Word for word, copy out the data below, omitting pictures.

[Data extract — start]

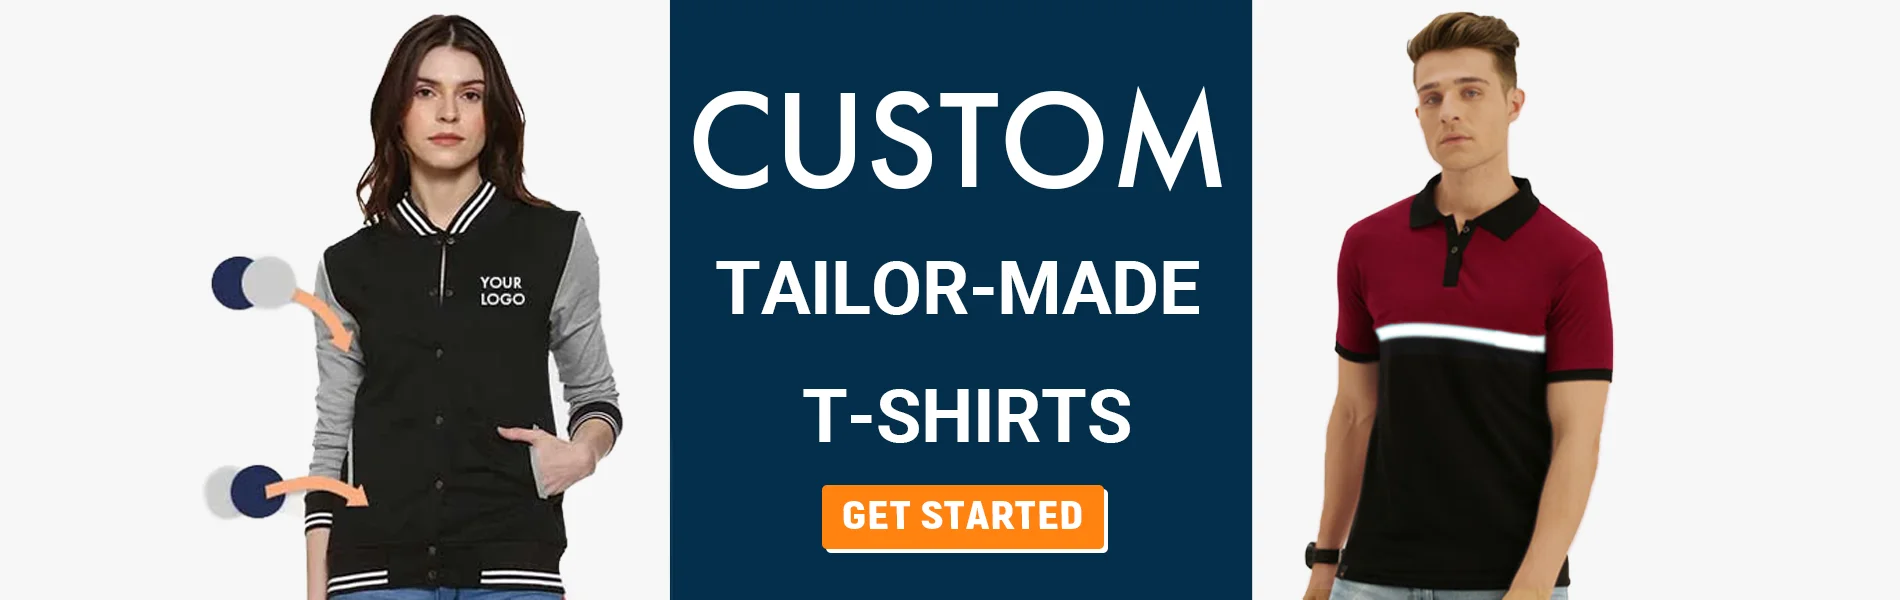 custom-tailormade-t-shirts aizawl.webp
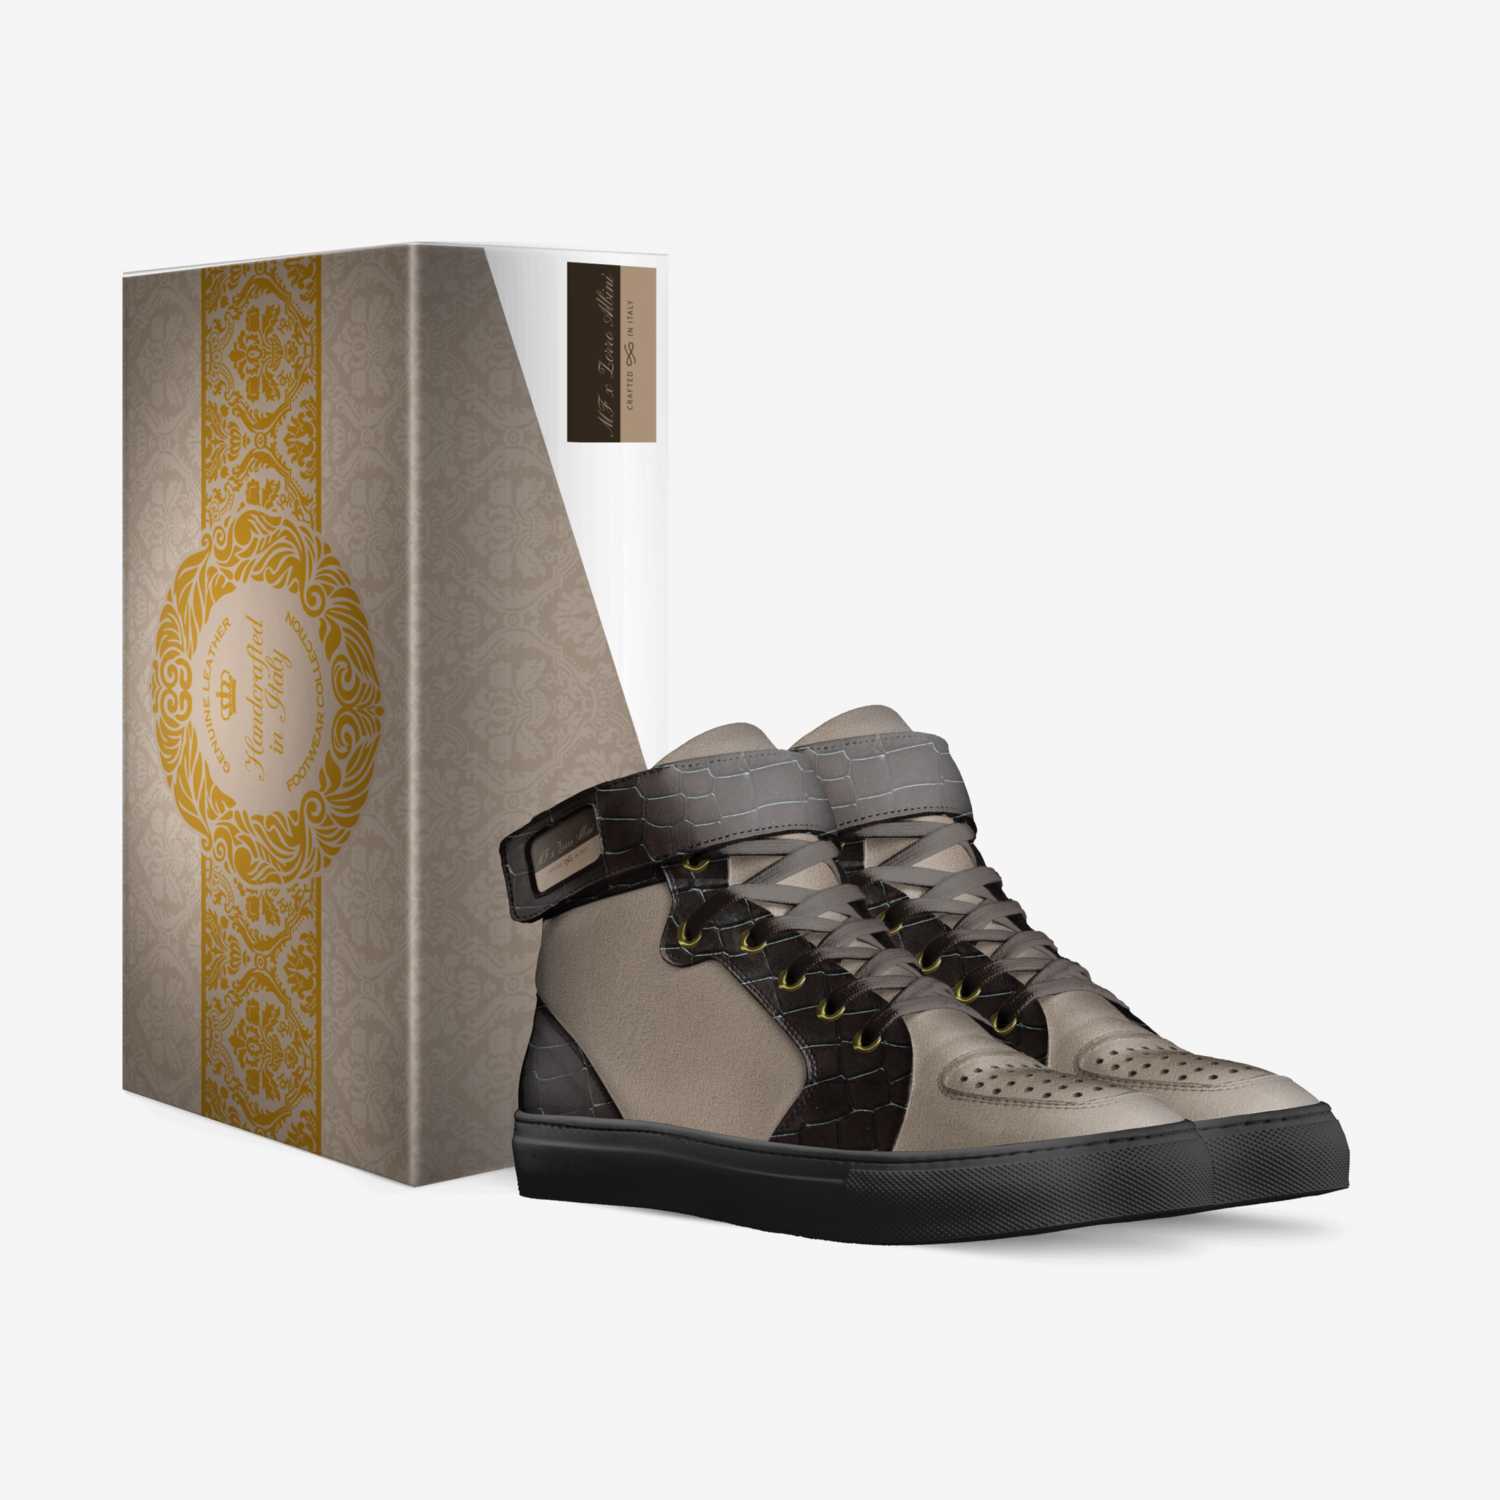 MF x Zorro Albini custom made in Italy shoes by Lucas Tikkanen | Box view
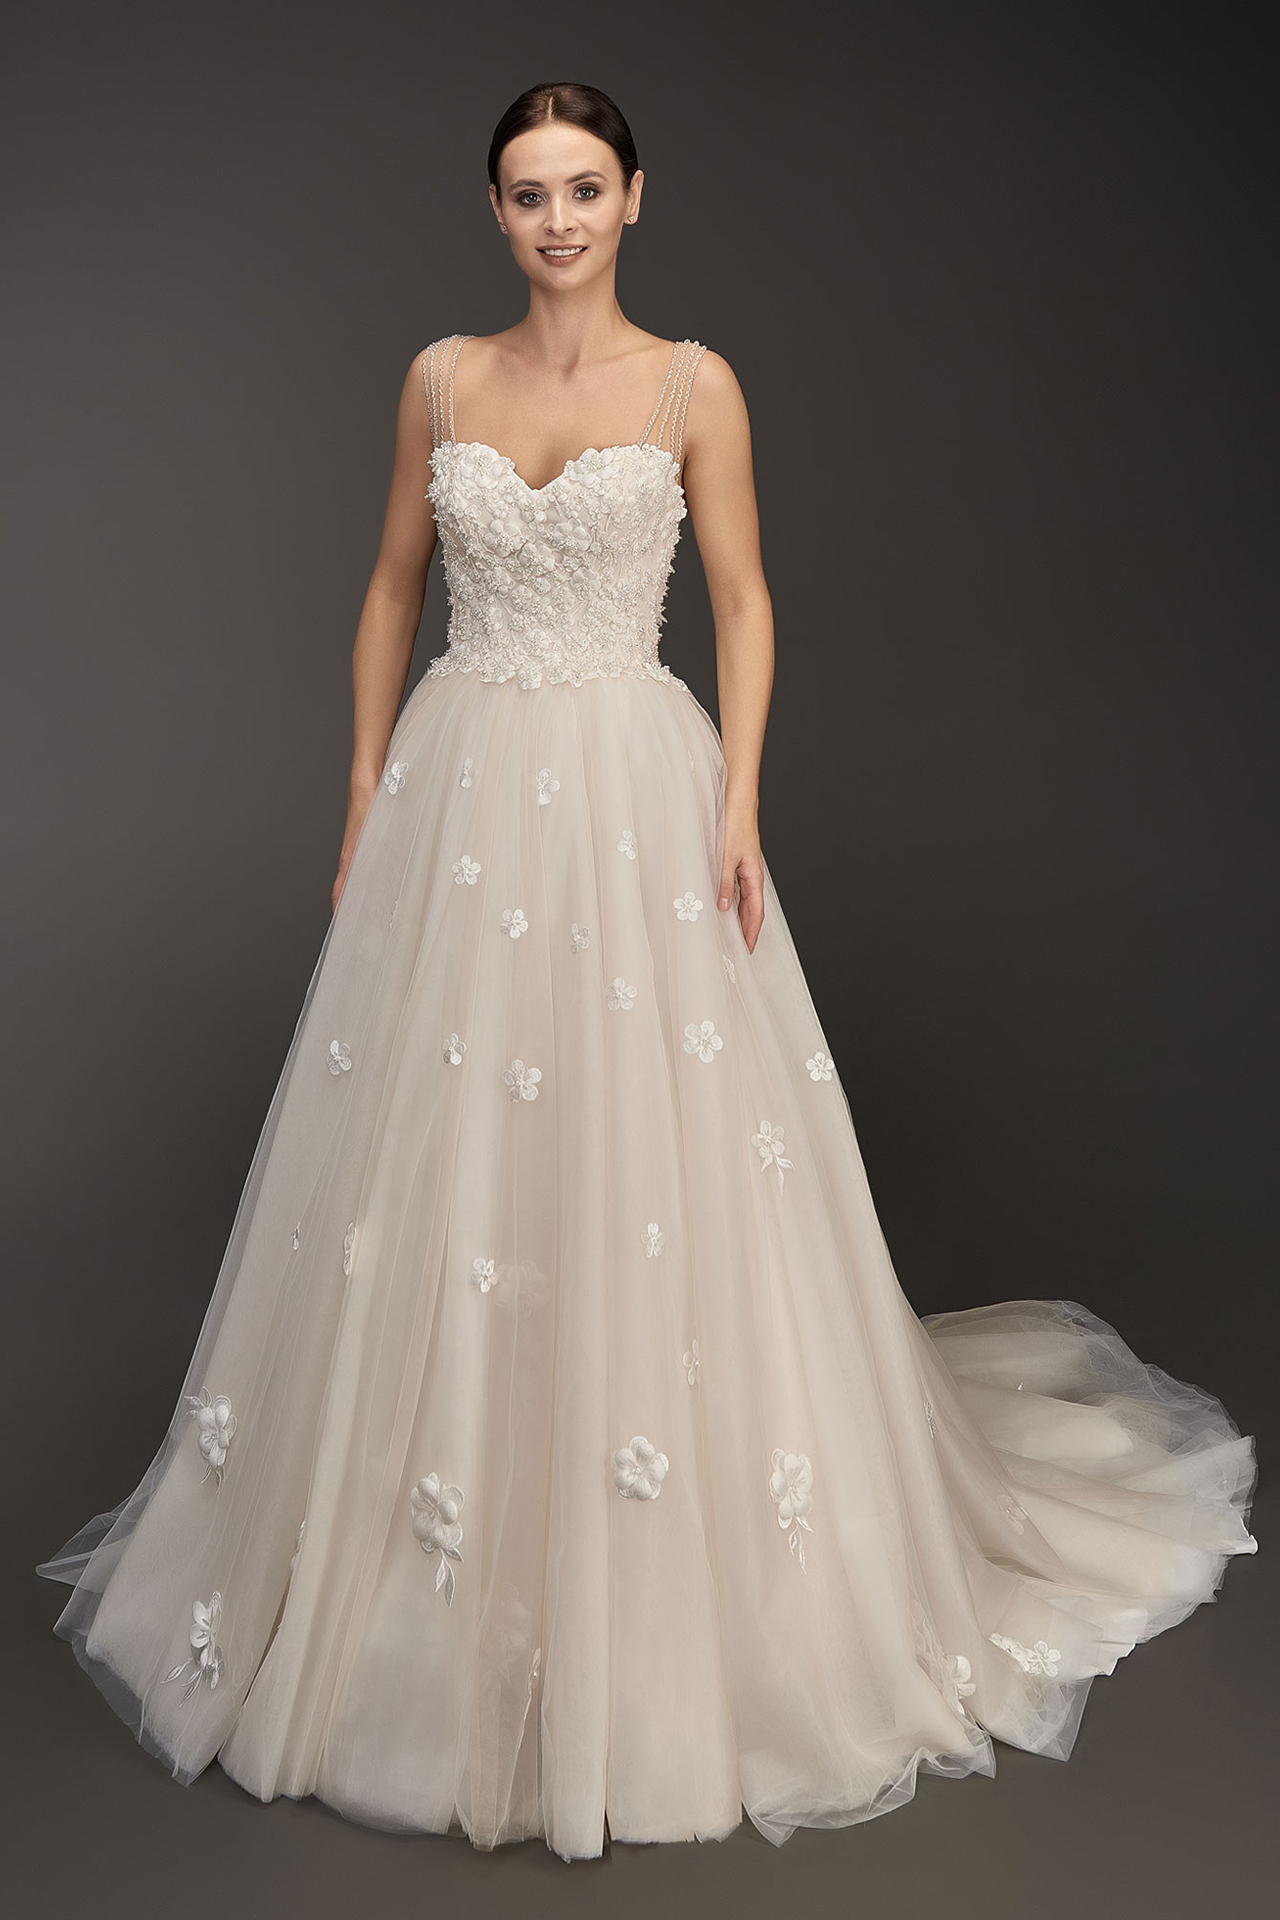 Princess wedding dress, Boho style engagement dress, Blush tulle bridal gown, Sparkly evening dress, Beautiful prom dress, Victoria

[Data extract — finish]

Response below:
 custom-tailormade-t-shirts aizawl.webp
 MF x Zorro Albini custom made in Italy shoes by Lucas Tikkanen | Box view
 Princess wedding dress, Boho style engagement dress, Blush tulle bridal gown, Sparkly evening dress, Beautiful prom dress, Victoria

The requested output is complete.